(The data):
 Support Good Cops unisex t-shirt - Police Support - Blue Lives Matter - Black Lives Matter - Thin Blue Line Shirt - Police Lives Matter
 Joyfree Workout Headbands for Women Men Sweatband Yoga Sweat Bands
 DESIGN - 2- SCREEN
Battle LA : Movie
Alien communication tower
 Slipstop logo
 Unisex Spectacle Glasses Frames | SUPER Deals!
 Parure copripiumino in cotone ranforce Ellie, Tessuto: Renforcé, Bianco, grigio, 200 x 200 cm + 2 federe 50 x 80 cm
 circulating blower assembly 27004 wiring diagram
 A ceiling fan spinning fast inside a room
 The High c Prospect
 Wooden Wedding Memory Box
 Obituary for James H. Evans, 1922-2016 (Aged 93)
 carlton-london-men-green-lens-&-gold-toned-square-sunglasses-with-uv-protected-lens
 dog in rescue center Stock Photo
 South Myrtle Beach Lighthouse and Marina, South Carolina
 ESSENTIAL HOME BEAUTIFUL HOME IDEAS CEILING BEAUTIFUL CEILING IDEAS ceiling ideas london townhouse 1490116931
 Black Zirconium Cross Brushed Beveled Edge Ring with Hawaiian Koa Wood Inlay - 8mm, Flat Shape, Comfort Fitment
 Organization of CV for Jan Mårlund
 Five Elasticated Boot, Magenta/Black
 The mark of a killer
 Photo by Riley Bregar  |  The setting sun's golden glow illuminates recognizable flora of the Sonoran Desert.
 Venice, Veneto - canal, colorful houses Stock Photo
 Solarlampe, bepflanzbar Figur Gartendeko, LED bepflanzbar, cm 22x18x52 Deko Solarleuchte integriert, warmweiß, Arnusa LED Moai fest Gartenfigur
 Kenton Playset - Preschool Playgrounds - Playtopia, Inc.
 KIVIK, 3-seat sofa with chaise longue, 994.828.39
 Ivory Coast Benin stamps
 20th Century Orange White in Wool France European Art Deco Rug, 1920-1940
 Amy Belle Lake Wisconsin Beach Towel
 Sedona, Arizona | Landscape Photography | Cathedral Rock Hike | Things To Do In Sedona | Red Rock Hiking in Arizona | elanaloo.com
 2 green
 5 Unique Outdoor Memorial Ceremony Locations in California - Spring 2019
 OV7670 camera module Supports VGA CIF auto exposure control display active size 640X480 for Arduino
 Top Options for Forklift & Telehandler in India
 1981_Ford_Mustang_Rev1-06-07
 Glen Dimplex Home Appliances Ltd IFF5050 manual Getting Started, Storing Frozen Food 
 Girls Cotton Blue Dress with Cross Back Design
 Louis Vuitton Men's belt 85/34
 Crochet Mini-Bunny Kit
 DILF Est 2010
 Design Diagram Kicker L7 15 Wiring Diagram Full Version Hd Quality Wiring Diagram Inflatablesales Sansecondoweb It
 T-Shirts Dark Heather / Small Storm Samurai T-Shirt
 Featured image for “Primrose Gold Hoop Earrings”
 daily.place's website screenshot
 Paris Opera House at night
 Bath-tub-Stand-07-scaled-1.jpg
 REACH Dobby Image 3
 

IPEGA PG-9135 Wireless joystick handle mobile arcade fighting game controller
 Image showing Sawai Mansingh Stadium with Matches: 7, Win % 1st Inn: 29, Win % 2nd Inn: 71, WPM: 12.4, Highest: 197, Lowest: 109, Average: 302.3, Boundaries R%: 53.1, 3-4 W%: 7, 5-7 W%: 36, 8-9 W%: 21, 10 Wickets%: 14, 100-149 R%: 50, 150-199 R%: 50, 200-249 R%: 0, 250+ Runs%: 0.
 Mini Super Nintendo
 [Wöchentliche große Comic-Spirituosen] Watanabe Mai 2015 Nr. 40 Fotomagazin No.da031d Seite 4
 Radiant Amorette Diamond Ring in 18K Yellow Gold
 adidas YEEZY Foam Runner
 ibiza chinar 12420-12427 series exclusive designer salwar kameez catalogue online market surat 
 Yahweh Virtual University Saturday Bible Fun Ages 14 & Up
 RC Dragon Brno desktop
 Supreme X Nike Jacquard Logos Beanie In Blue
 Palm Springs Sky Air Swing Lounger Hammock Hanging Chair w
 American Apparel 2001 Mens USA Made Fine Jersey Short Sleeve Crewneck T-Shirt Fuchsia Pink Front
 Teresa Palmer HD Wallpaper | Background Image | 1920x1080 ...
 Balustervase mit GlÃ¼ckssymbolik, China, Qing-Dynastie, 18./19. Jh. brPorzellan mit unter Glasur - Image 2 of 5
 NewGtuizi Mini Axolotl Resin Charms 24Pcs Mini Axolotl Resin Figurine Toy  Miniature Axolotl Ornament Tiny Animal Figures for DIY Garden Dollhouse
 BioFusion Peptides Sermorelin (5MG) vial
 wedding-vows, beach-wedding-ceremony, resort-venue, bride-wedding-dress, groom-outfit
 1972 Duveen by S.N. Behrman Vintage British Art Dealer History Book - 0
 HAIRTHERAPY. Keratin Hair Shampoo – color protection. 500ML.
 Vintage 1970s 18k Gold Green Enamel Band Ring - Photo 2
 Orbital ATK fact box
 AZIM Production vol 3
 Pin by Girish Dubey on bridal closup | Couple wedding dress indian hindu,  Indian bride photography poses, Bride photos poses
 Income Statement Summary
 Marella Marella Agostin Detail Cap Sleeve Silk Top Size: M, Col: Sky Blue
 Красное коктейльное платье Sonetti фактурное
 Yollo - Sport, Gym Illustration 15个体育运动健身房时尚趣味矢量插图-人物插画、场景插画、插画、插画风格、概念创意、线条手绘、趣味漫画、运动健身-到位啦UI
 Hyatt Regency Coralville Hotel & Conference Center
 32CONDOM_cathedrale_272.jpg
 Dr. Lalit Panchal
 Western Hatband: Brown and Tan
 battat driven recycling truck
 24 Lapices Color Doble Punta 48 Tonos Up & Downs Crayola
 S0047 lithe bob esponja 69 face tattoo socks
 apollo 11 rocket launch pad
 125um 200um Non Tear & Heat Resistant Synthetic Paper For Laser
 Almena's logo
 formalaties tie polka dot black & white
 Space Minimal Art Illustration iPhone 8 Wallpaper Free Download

(Exercise): Repeat exactly the lines above from the one with "A ceiling fan spinning fast inside a room" up to and including the one with "Venice, Veneto - canal, colorful". No other line belongs in the reply.

(Answer to this task):
 A ceiling fan spinning fast inside a room
 The High c Prospect
 Wooden Wedding Memory Box
 Obituary for James H. Evans, 1922-2016 (Aged 93)
 carlton-london-men-green-lens-&-gold-toned-square-sunglasses-with-uv-protected-lens
 dog in rescue center Stock Photo
 South Myrtle Beach Lighthouse and Marina, South Carolina
 ESSENTIAL HOME BEAUTIFUL HOME IDEAS CEILING BEAUTIFUL CEILING IDEAS ceiling ideas london townhouse 1490116931
 Black Zirconium Cross Brushed Beveled Edge Ring with Hawaiian Koa Wood Inlay - 8mm, Flat Shape, Comfort Fitment
 Organization of CV for Jan Mårlund
 Five Elasticated Boot, Magenta/Black
 The mark of a killer
 Photo by Riley Bregar  |  The setting sun's golden glow illuminates recognizable flora of the Sonoran Desert.
 Venice, Veneto - canal, colorful houses Stock Photo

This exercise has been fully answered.